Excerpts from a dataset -
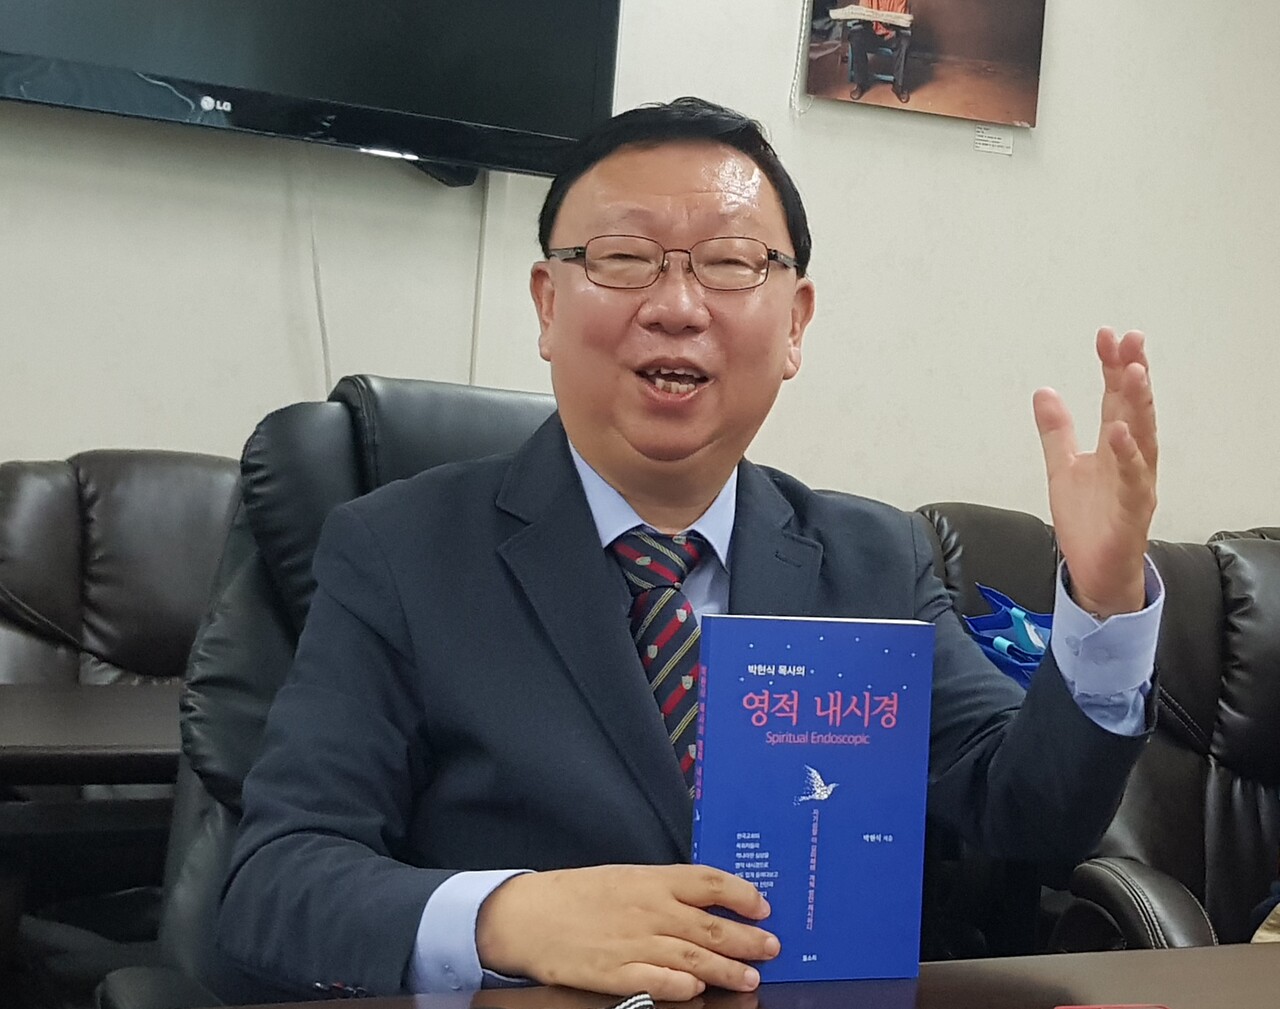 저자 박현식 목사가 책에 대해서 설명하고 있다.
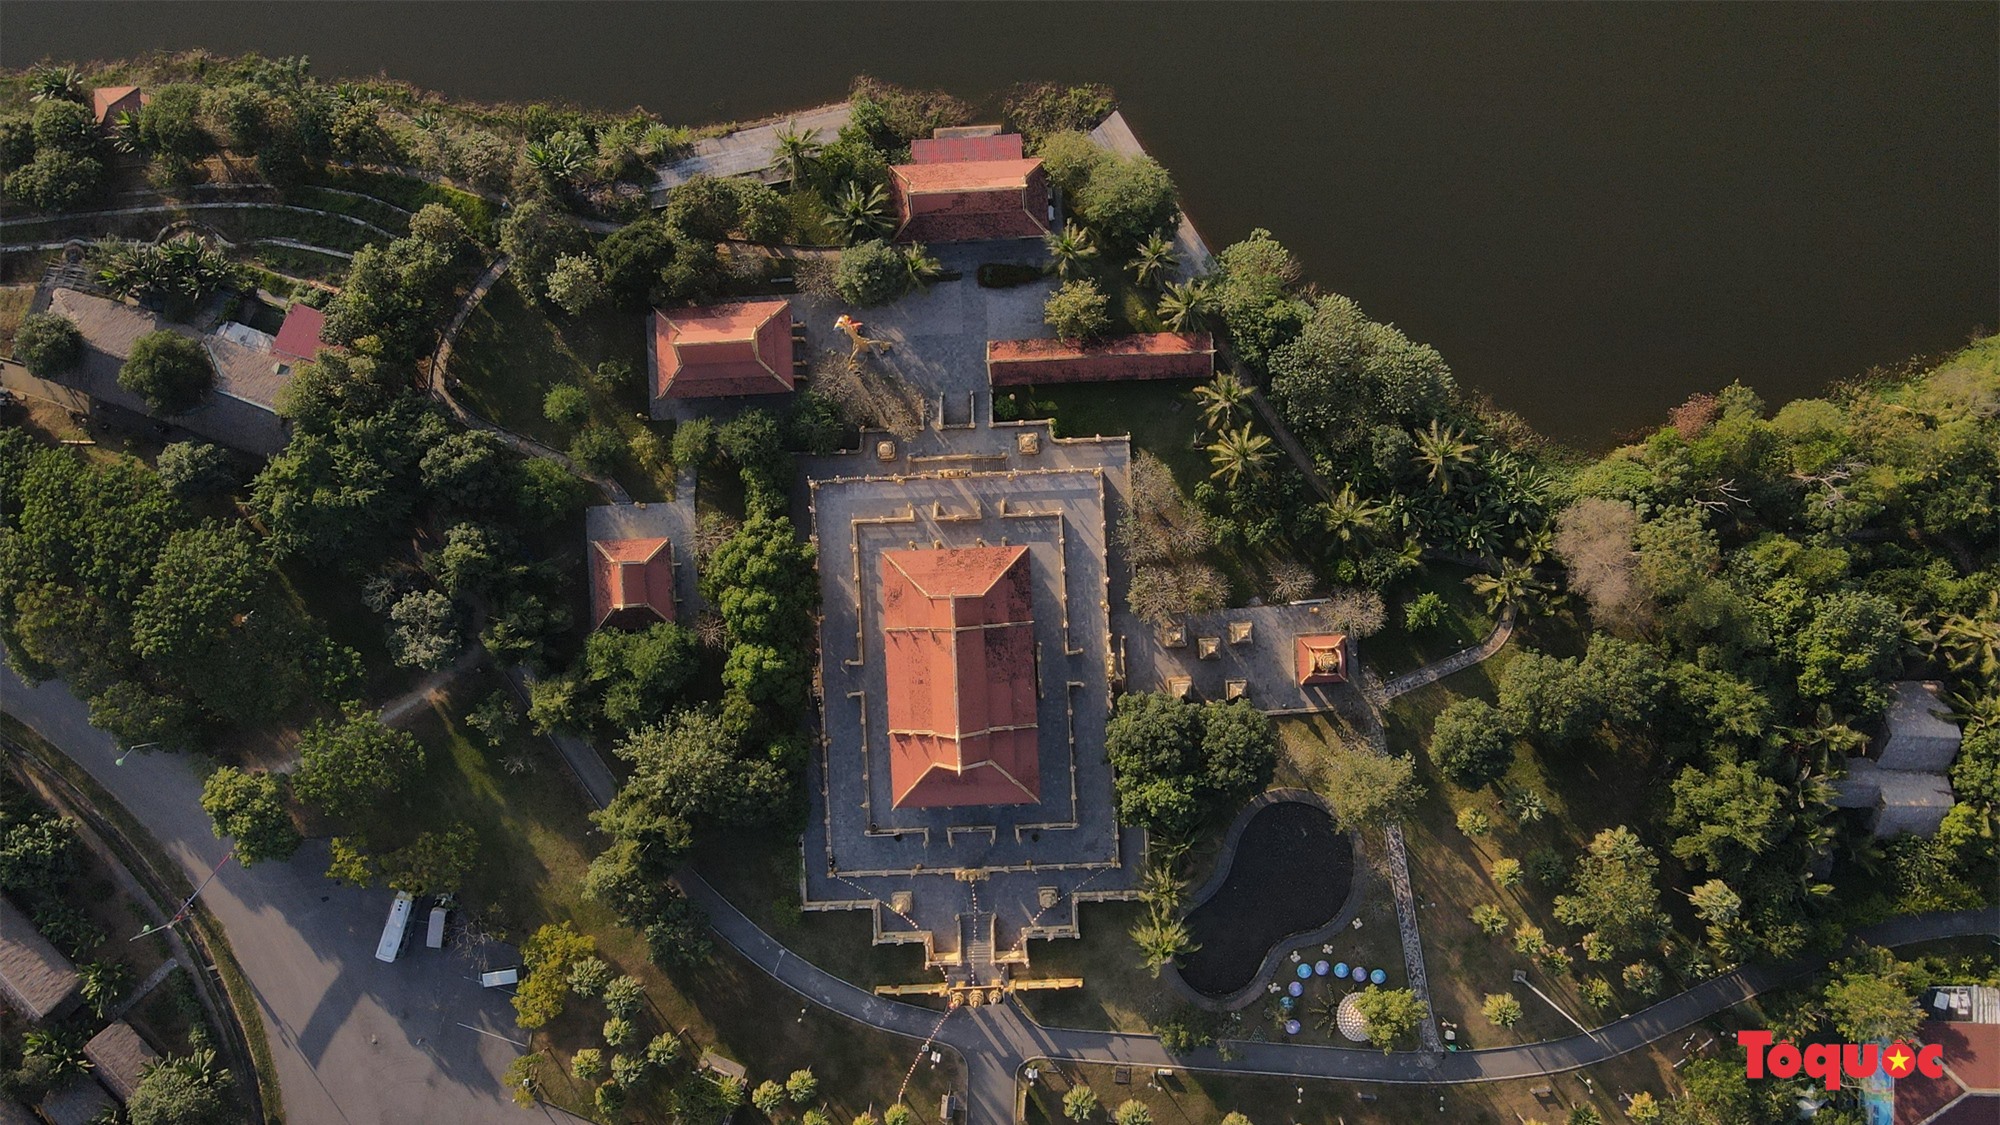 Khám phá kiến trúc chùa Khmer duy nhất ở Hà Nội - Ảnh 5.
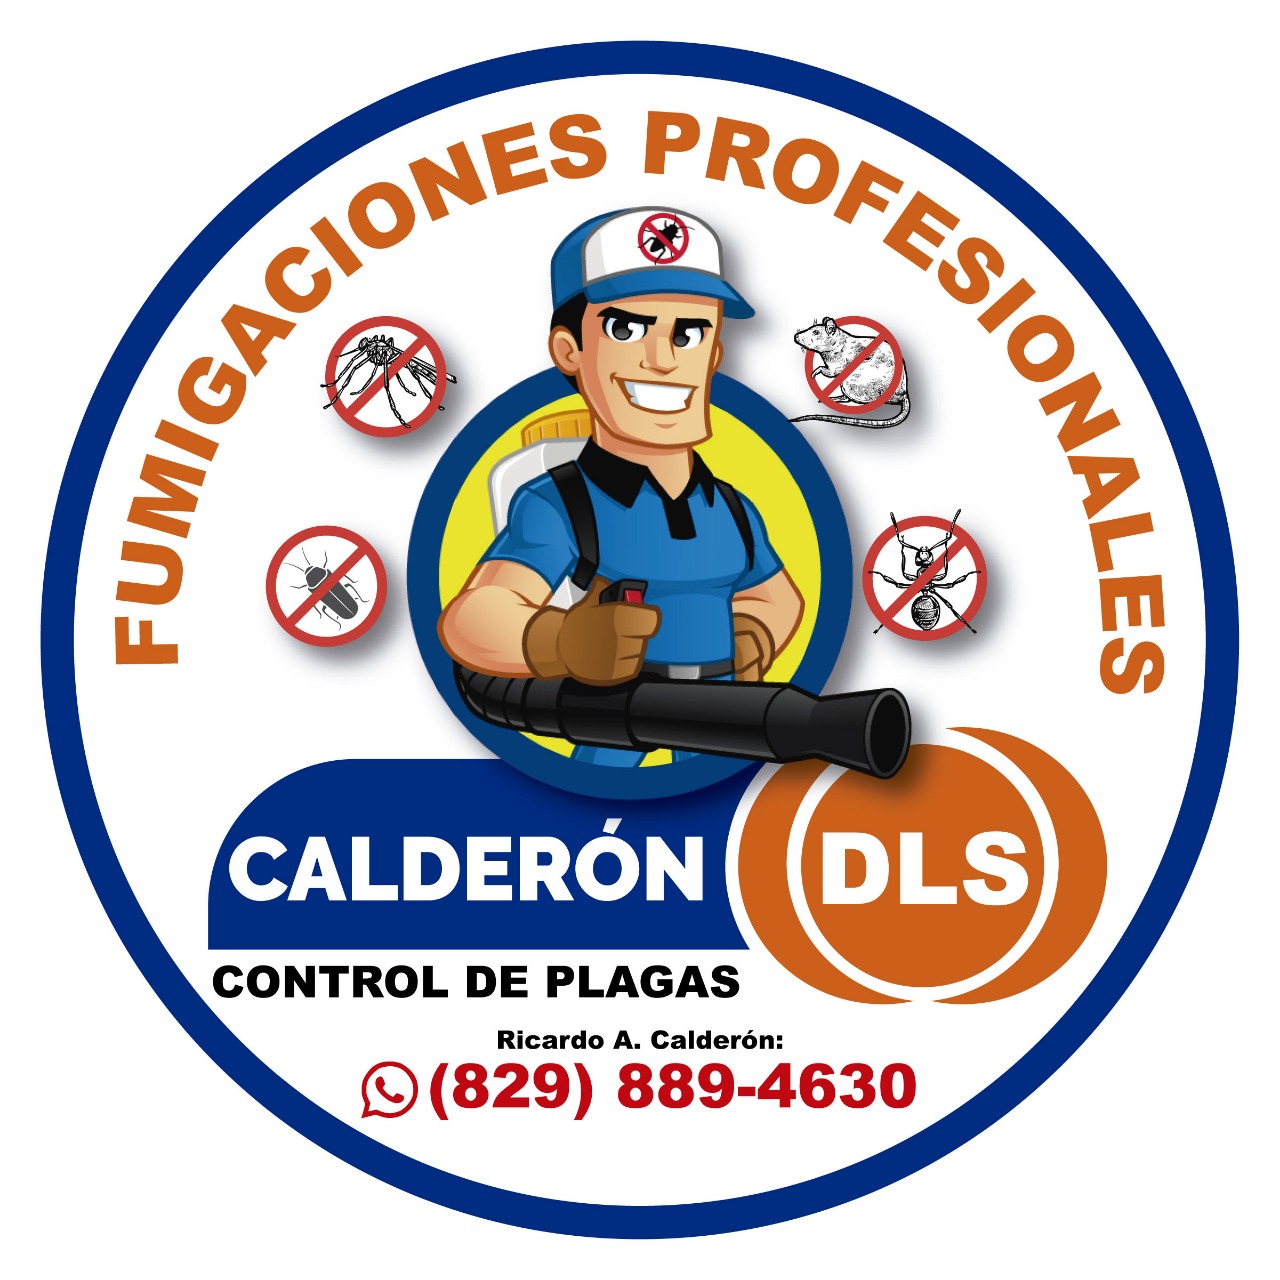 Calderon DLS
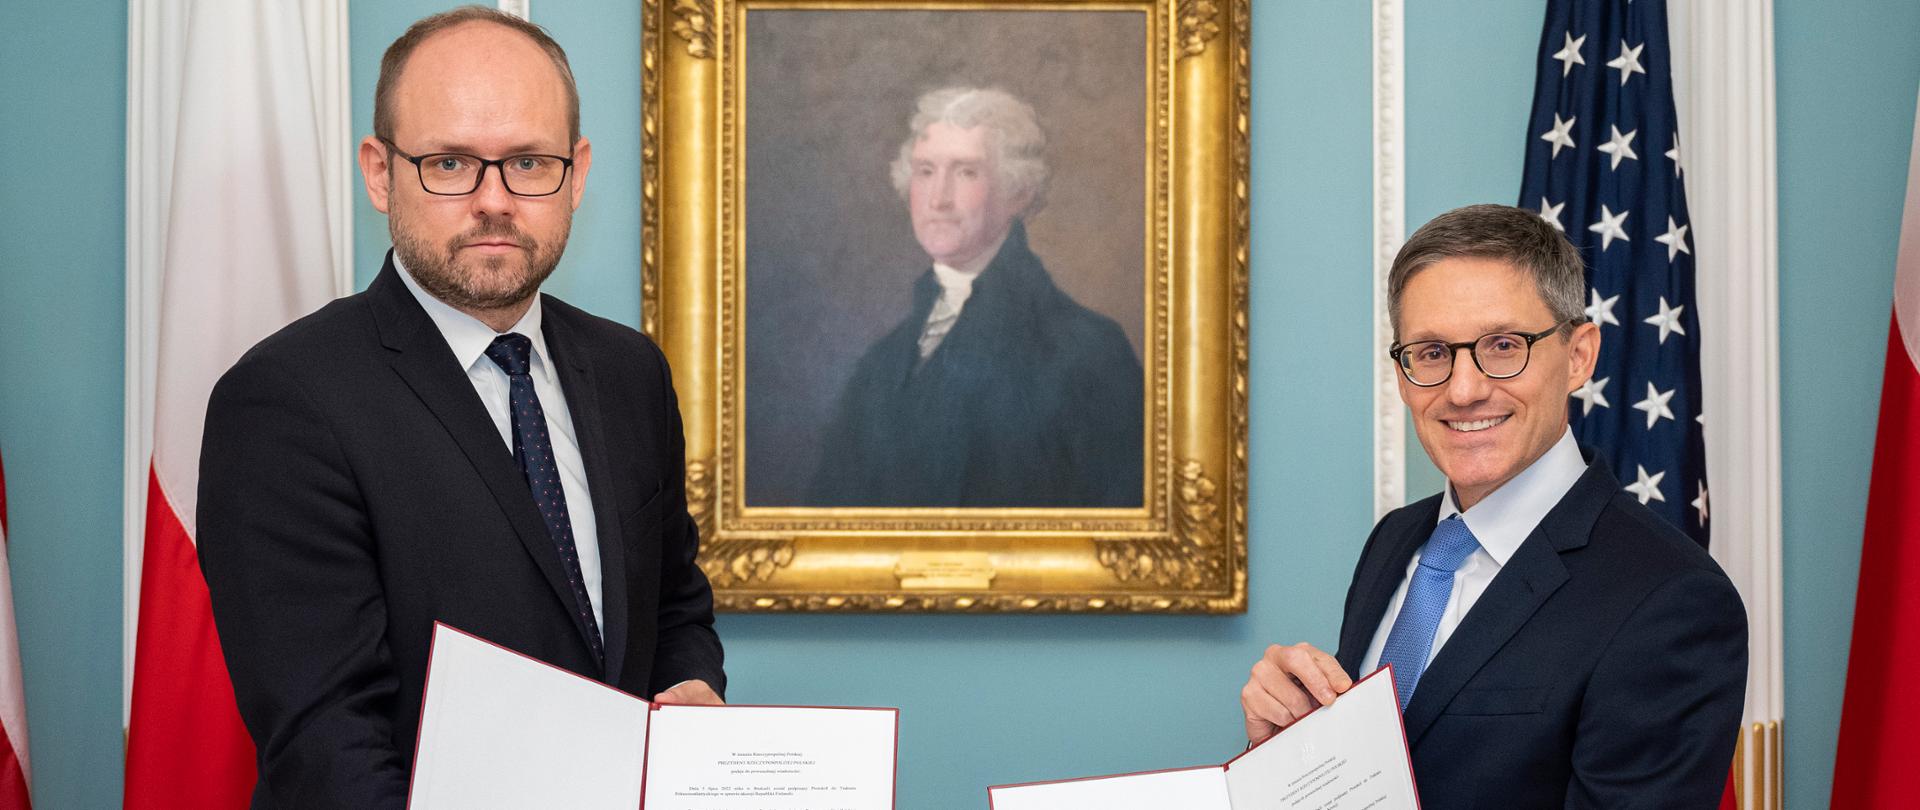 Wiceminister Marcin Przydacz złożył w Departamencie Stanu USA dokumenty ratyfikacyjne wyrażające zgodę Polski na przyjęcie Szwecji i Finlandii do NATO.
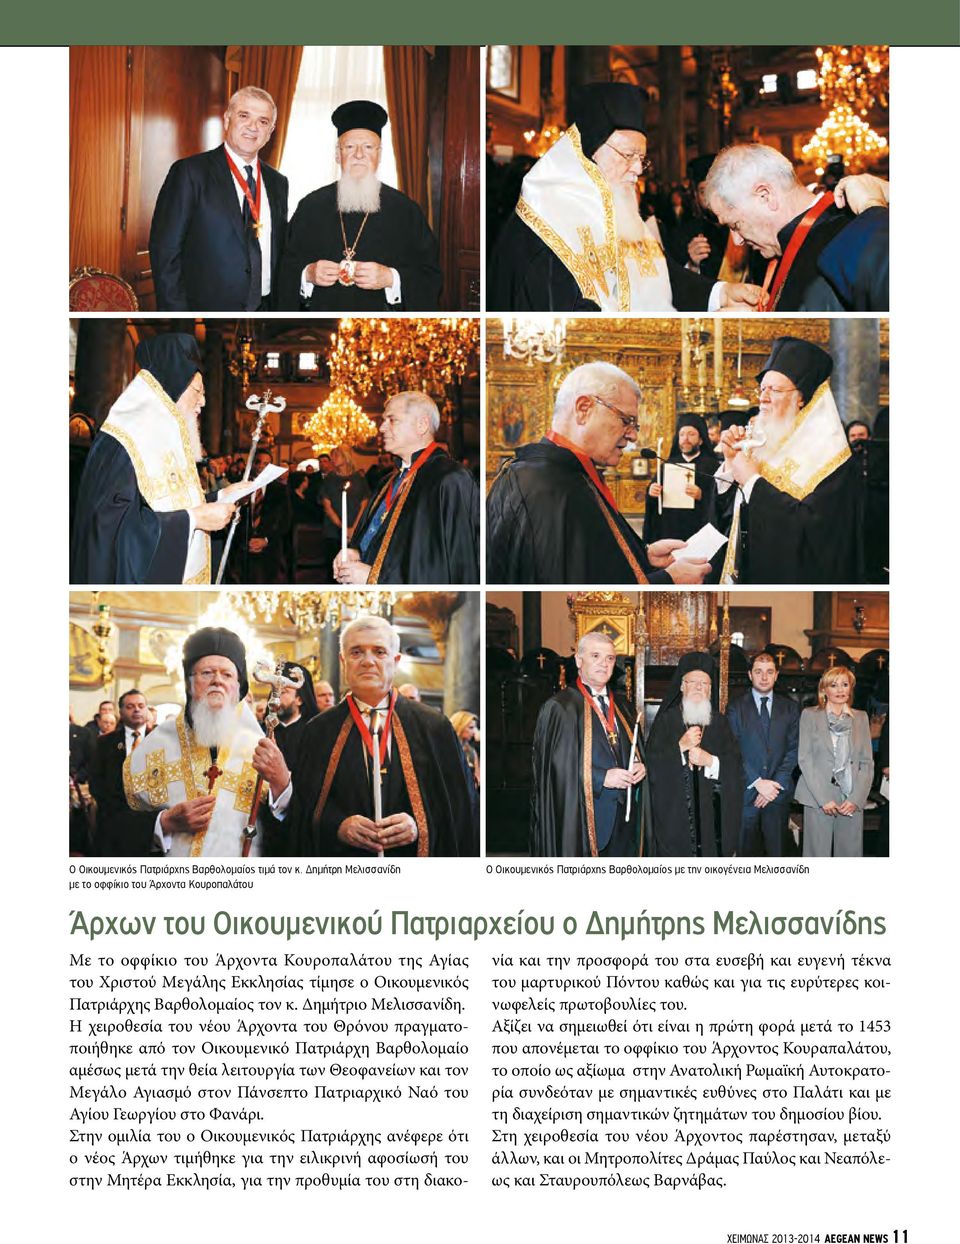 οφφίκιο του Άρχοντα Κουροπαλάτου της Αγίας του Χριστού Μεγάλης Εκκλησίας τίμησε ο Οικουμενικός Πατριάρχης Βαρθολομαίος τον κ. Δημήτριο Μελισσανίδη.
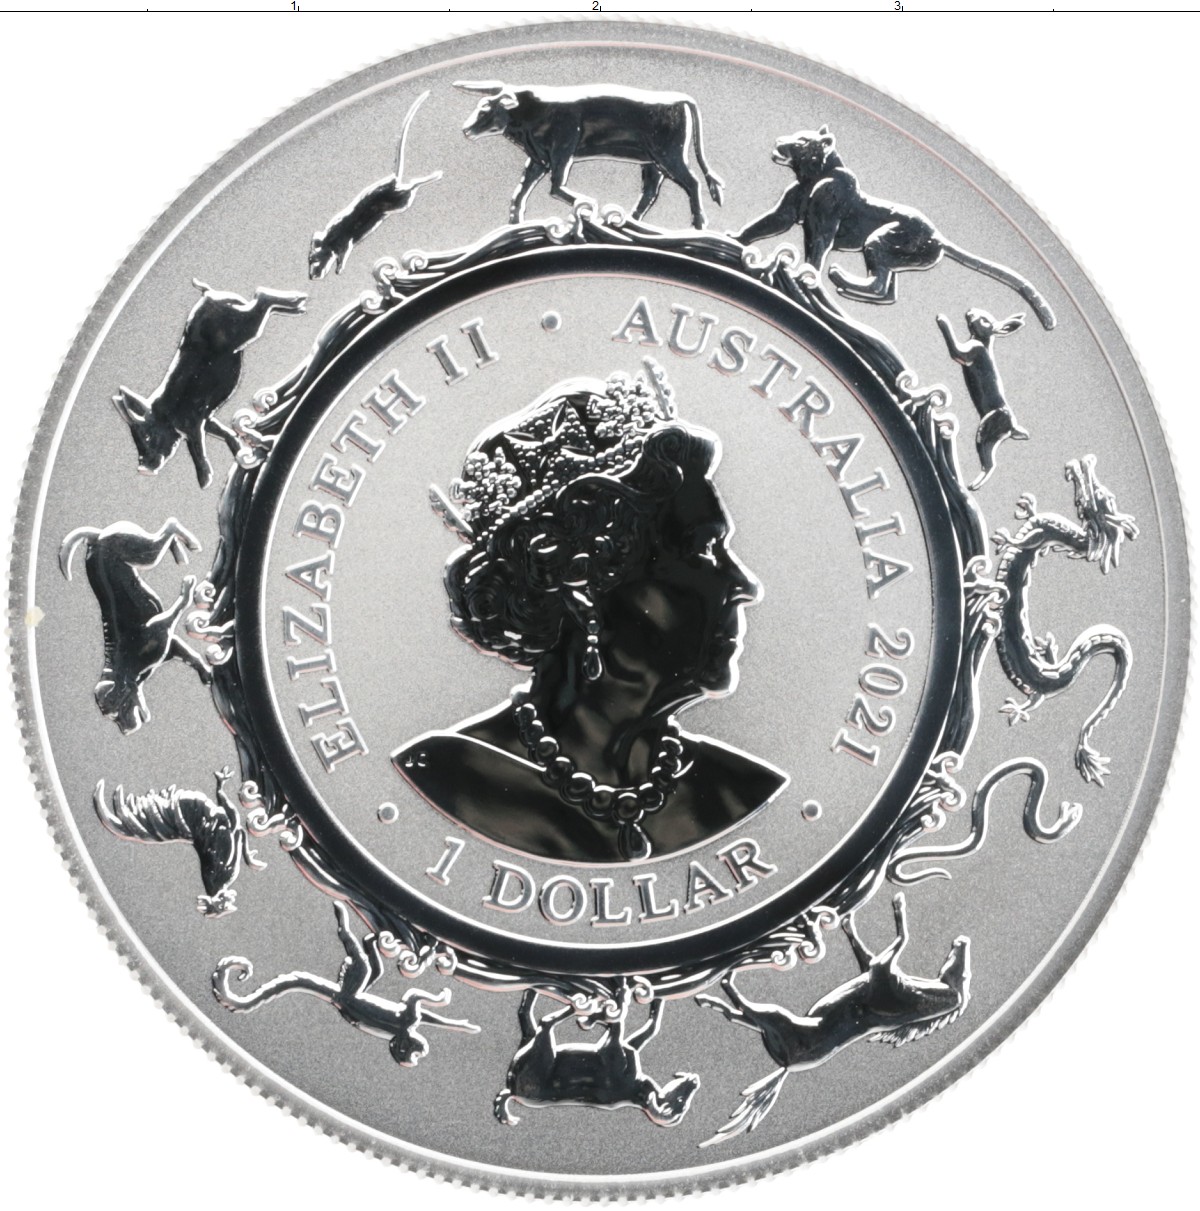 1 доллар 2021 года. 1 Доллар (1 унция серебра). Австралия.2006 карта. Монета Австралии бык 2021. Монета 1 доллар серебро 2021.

Work order - Your copy should match the data exactly, apart from the images, which are dropped.

Output below -
 저자 박현식 목사가 책에 대해서 설명하고 있다.
 Khám phá kiến trúc chùa Khmer duy nhất ở Hà Nội - Ảnh 5.
 Calderon DLS
 Wiceminister Marcin Przydacz złożył w Departamencie Stanu USA dokumenty ratyfikacyjne wyrażające zgodę Polski na przyjęcie Szwecji i Finlandii do NATO.
 οφφίκιο του Άρχοντα Κουροπαλάτου της Αγίας του Χριστού Μεγάλης Εκκλησίας τίμησε ο Οικουμενικός Πατριάρχης Βαρθολομαίος τον κ. Δημήτριο Μελισσανίδη.
 1 доллар 2021 года. 1 Доллар (1 унция серебра). Австралия.2006 карта. Монета Австралии бык 2021. Монета 1 доллар серебро 2021.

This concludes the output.